Ответ на этот вопль благополучно глохнет в тумане с острым техническим запахом, за который так ненавидят наши края суеверные кацапы, будь они прокляты и съедены собаками из Дубов. Запорожский туман необъяснимый и пунктуальный, как ночь. Откуда клубится он, если трубы остановленных фабрик пусты?

Жаль, что на радиобазаре не продают дистанционный пульт, чтобы нажал на кнопку, и человек в другом месте пукает или какает. Допустим, Старая Жопа в зале суда готовится произносить речь, что-нибудь пламенное, вроде: «Надо более бед и потрясений, чтобы быть готовыми ко дню пробуждения Дьявола. Революционер должен иметь чорта в теле и всаживать его в тело народа…» А тут мы нажимаем на кнопочку, и Старая Жопа вместо речи обкакался и залаял. А? Чтобы не смыкал за хвост наших Чертей своим рыбьим ротиком. Правильно! Бакунинец… юный…

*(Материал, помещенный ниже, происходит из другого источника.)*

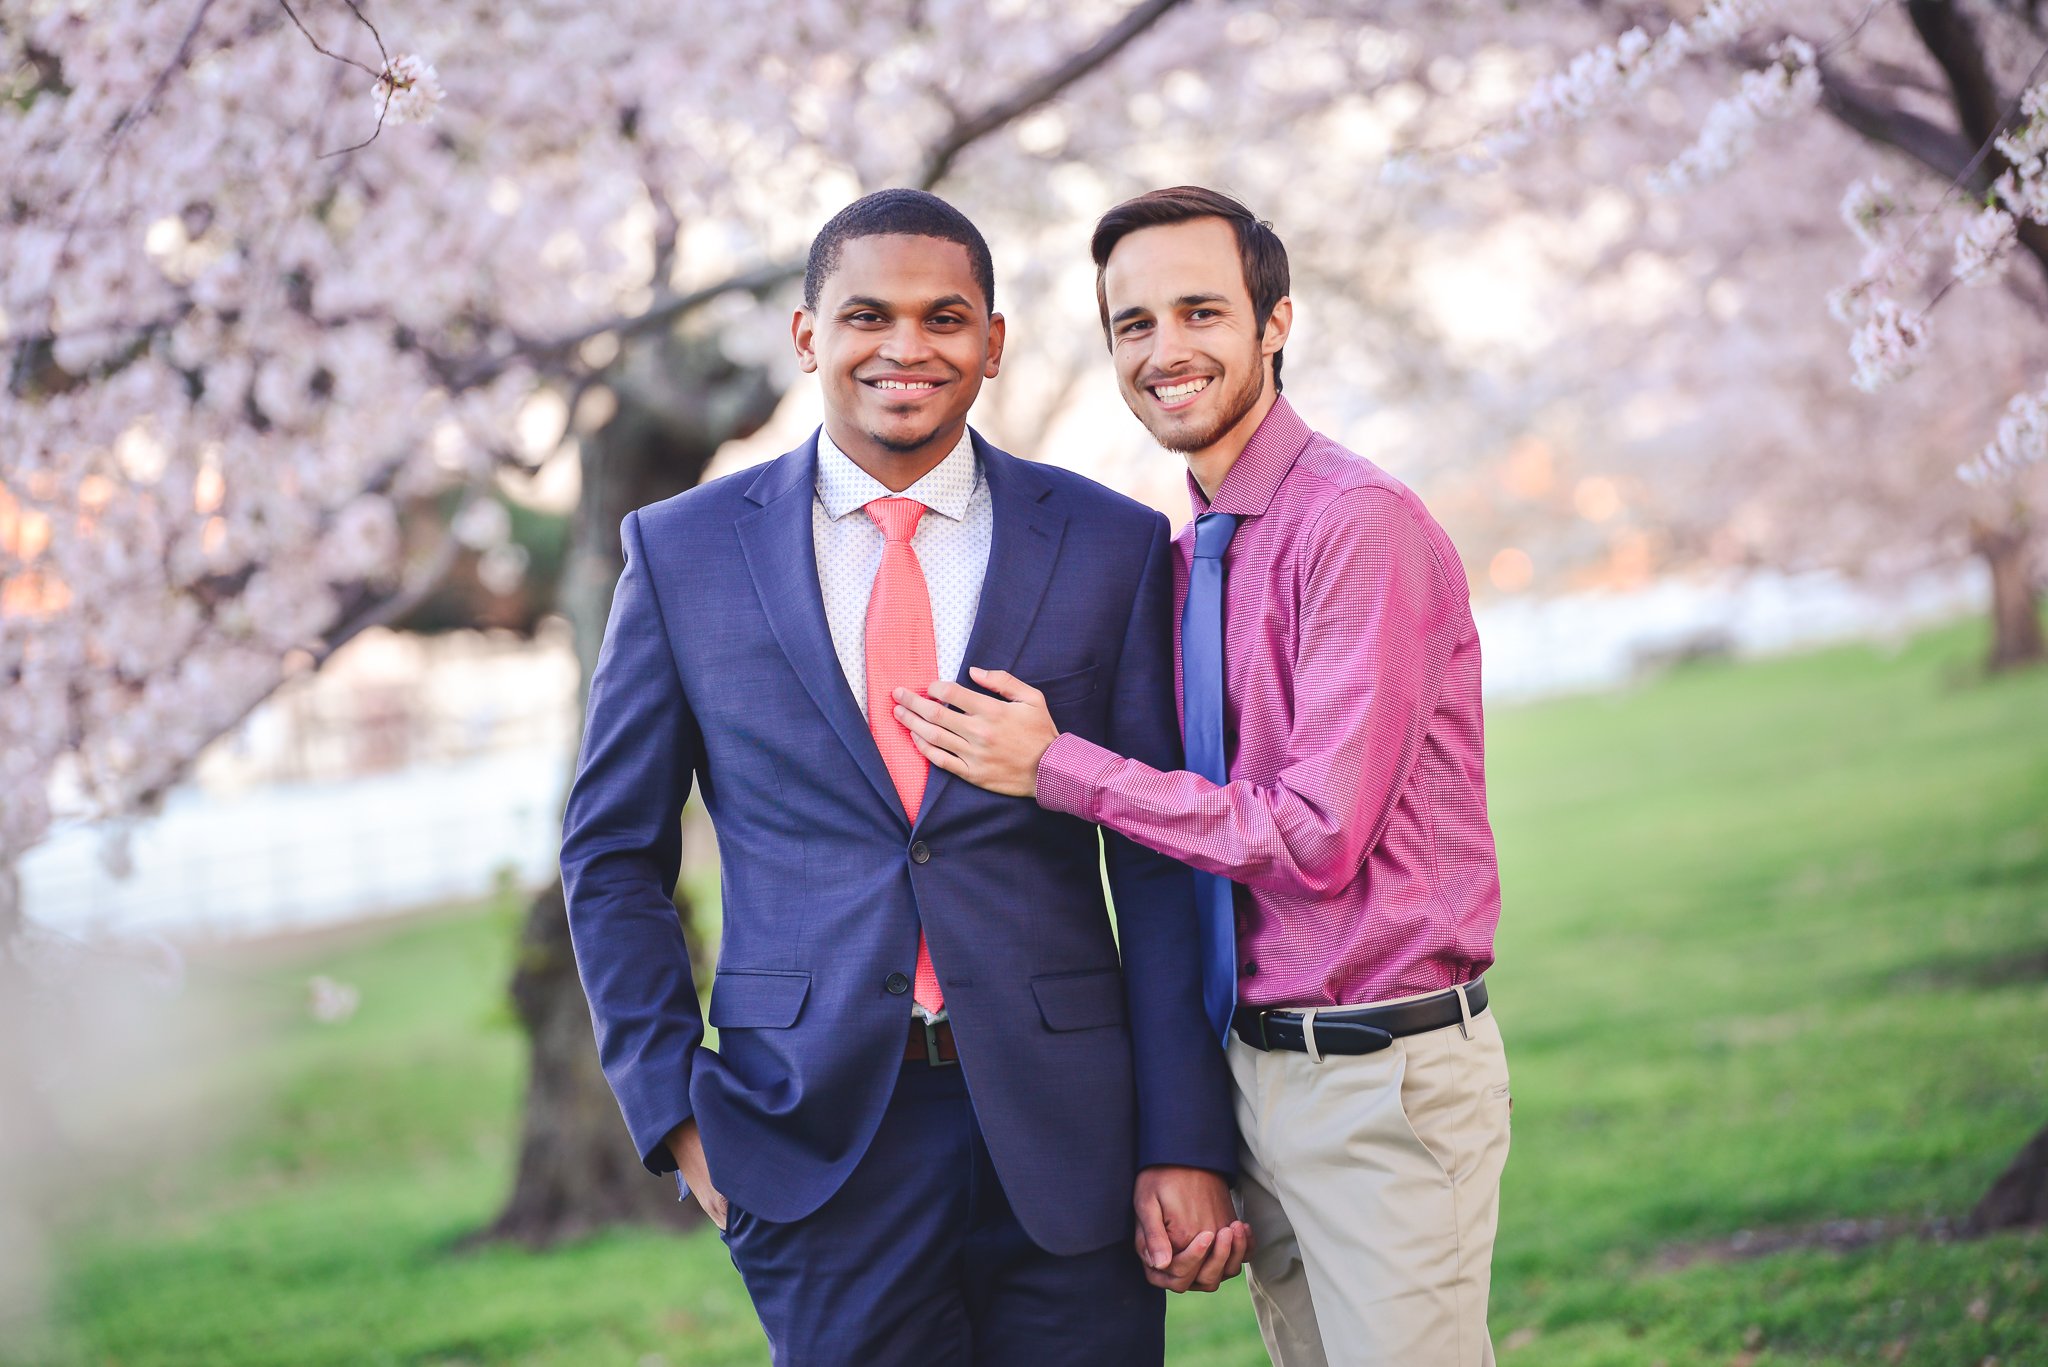 Couple's photo session @ Cherry blossoms in Washington DC - DC MD VA portrait photographer.

Крэк сделал свое дело. Медведица свое открякала… Беляев может считать себя пророком: «В нем кронштейн летит прибитый, первый в космосе еврей. Ура…» Фил Спектор кого-то убил. Кажется женщину… А между тем решаются важные для моего будущего вопросы: кто победит — Диснейленд или богадельня? Чтобы победить, Микки Маус должен ударить первым по ненавистному мне поселку бесхитростных тружеников. Мои Микки Маус и Чорт, сувениры из «киндер-сюрприза» стояли в обычном месте. Клоунская маска с наэлектризованными вокруг лысины волосами, пускающая дым из растянутого рта привиделась мне, словно сошедшая с цирковой афиши. Отец двух девочек. Кличка «Кисточкин», потому что художник. Так звали героя пьесы «Всегда в продаже» у Аксенова, писателя, угробившего жизнь на подражание Набокову и симуляцию джазовых оргазмов. И дай ему бог… Неаксеновский Кисточкин со своим еблом клоуна постоянно крутится рядом. В уже упомянутом экстазе, что противнее самой жуткой агонии. И женщины, напрягая раковые шеи, выпускают из подкрашенных губ дым, с таким видом, будто им неудобно выпускать его через задний проход… Ну, Филипоньо, пьем еще?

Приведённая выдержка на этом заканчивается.